In einer der dunkelsten Stunden seiner Ski-Karriere wird Urs Kryenbühl vor Augen geführt, dass das Schicksal noch sehr viel härter zuschlagen kann. Es ist am 29. Dezember 2022, als der Schwyzer am Tag nach seinem starken Auftritt beim Abfahrts-Klassiker in Bormio (Rang 6) den Super-G auf der «Stelvio» nach wenigen Toren beenden muss. Sein Knie hat einen üblen Schlag abbekommen, die Schmerzen sind entsprechend heftig.
Auf dem Weg zur medizinischen Untersuchung beim Swiss-Ski-Doc in Zürich wird Kryenbühl im Prättigau erneut gestoppt. In der Nähe von Grüsch GR hat sich ein riesiger Stau gebildet, nachdem ein Auto mit einem Lastwagen kollidiert ist. Der PW-Lenker verstirbt noch an der Unfallstelle. «In diesem Moment ist mir bei allem Frust über meinen schmerzlichen Zwischenfall im Super-G bewusst geworden, dass es deutlich schlimmere Dinge gibt als meine Verletzung.»
Deshalb reagiert der 29-Jährige ziemlich gefasst, als er ein paar Stunden später nach dem MRI in der Hirslanden-Klinik die Diagnose Kreuzbandriss erhält. Am Tag danach bringt der 1,72-Meter-Mann ein paar Gedanken in lyrischer Manier zu Papier. «Um meine Diagnose richtig verarbeiten zu können, habe ich erstmals seit meiner Schulzeit ein Gedicht geschrieben.»

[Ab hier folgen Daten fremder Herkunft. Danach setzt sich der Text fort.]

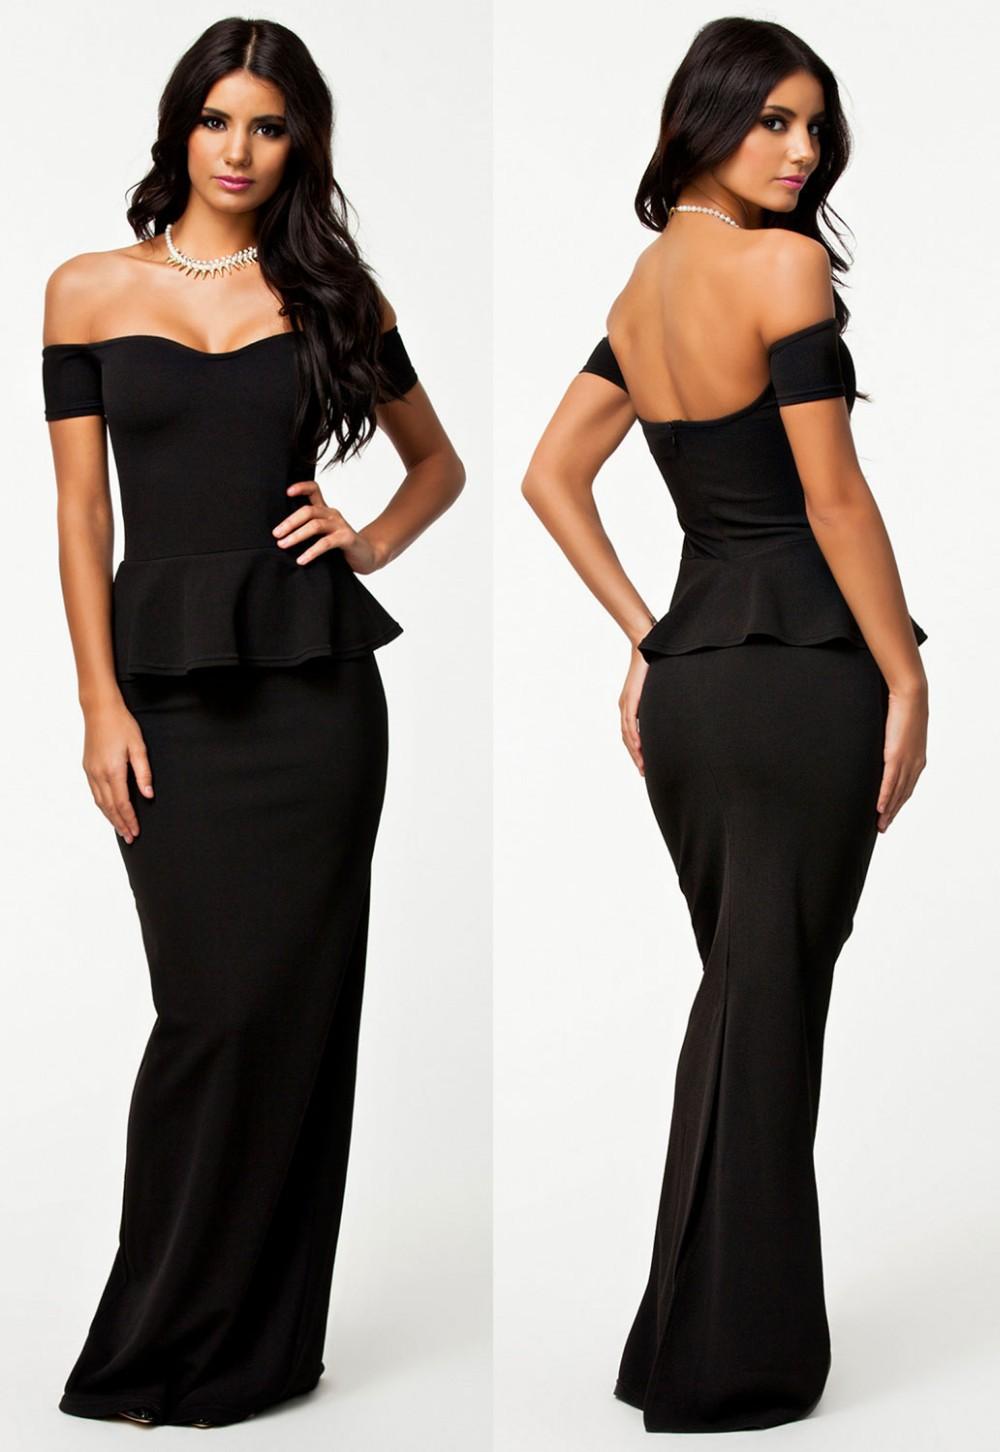 Black-Peplum-Maxi-Dress-With-Drop-shoulder-LC6244
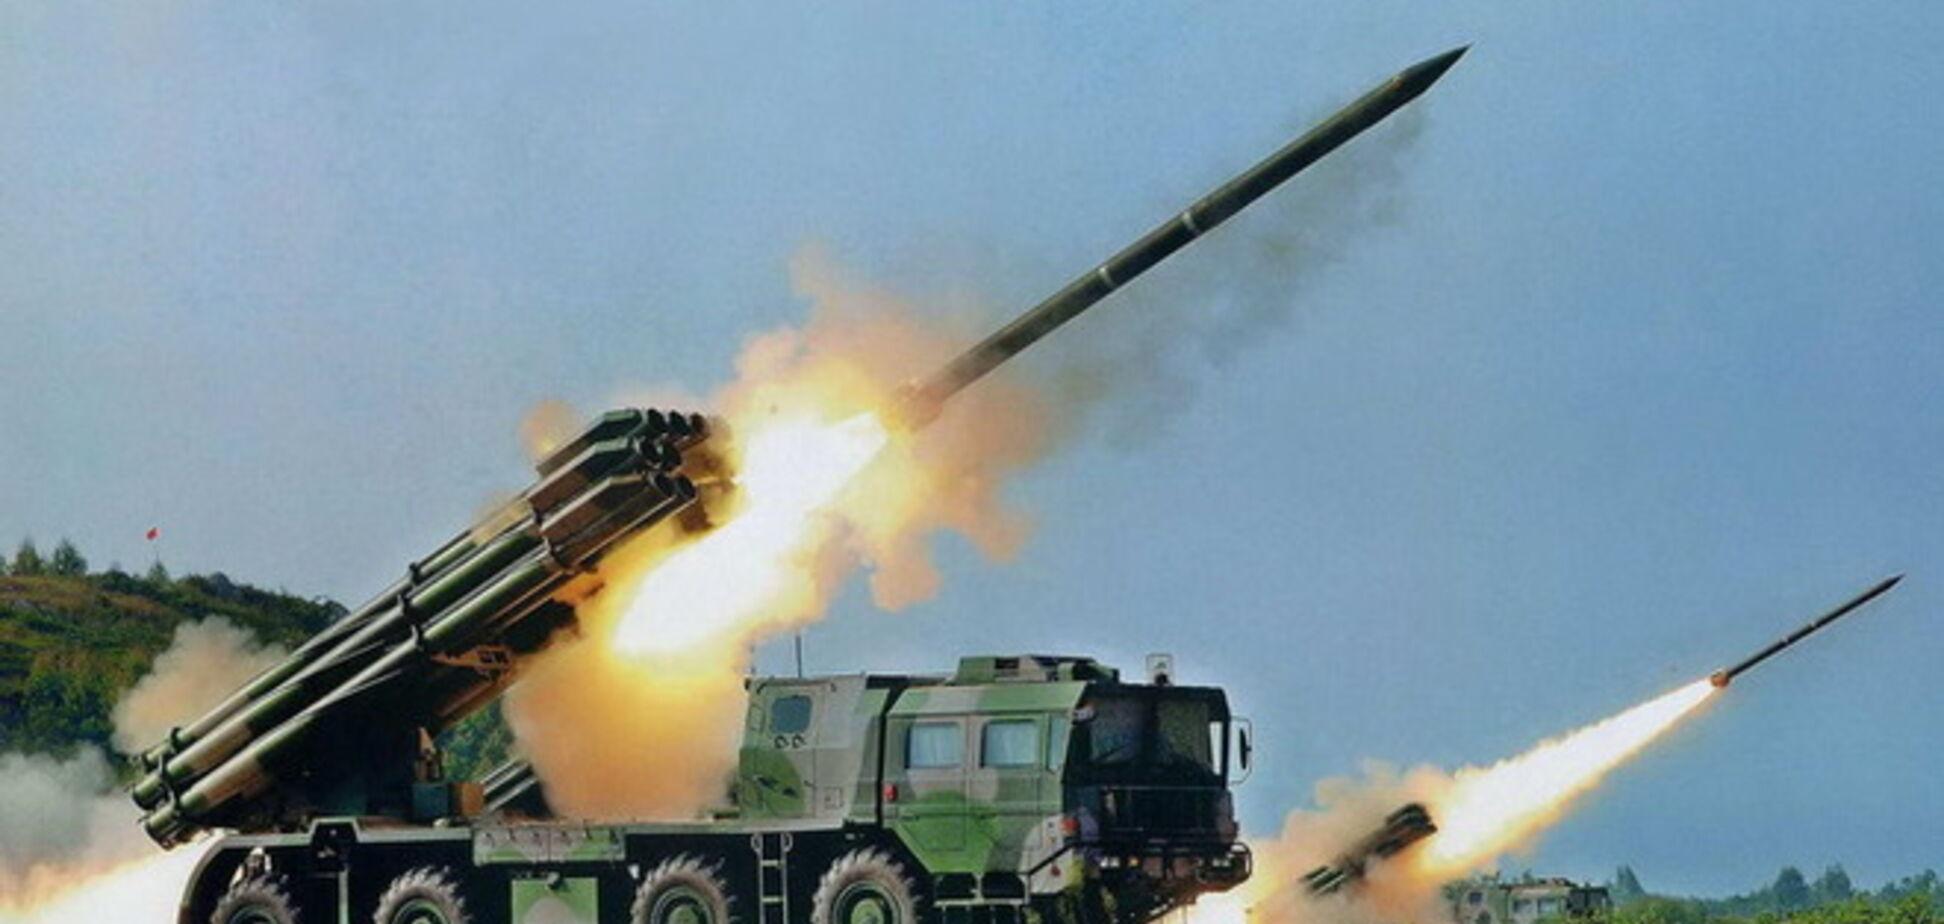 Краматорськ обстріляли чотири 'Смерча' - Генштаб

Den Rückschlag in Gedichtform verarbeitet
Der Kernsatz von Kryenbühls lyrischer Verarbeitung: «Ich weiss, oh Skirennsport, mein alter Kumpel, es ist oft schön mit Dir, aber manchmal auch etwas dunkel. Wie Brüder sind wir, oh Skirennsport, Glück und Leid auf dem Weg vereint. ‹Doch was ist nun genau geschehen?›, werden Dich jetzt viele fragen. ‹Ganz einfach›, werde ich sagen, ‹ein weiterer Kreuzbandriss hat sich zugetragen›.»
Im Normalfall dauert es mindestens sechs Monate, bis ein Skirennfahrer nach einem Kreuzbandriss auf die Piste zurückkehren kann. Doch Kryenbühl fährt bereits jetzt wieder richtig schnell Ski. Vergangene Woche absolviert der Speed-Spezialist ein Abfahrtstraining in St. Moritz GR. Wie ist das möglich? Urs, der im Weltcup bisher dreimal den Sprung aufs Podest geschafft hat, behandelt seine Kreuzbandverletzung konservativ. «Unmittelbar nach dem MRI hat mir der Arzt klargemacht, dass eine Operation unumgänglich sei.»
Mehr Ski alpin
Drei Ärzte, zwei Meinungen
Doch aufgrund der starken Blutungen im Knie war eine sofortige Operation nicht möglich. «Und nach ein paar Wochen hat mir ein anderer Arzt von einer Operation abgeraten. Ich war deshalb lange hin- und hergerissen und hatte einige schlaflose Nächte. Ich habe dann noch einen dritten Arzt um seine Meinung gebeten. Nachdem sich auch dieser gegen eine Operation ausgesprochen hat, habe ich mich für eine konservative Behandlung entschieden.»
Zur Erinnerung: Nach der im Januar 2021 in Kitzbühel (Ö) erlittenen Kreuzbandverletzung hat Kryenbühl ebenfalls auf einen operativen Eingriff verzichtet. Die jüngsten Trainingsleistungen nähren die Hoffnung, dass diese Entscheidung richtig war. «Urs fährt schon wieder richtig gut Ski», schwärmen die beiden Abfahrt-Co-Trainer Willi Dettling und Mathias Briker. Es spricht also einiges für ein Happy End in diesem Abfahrer-Drama.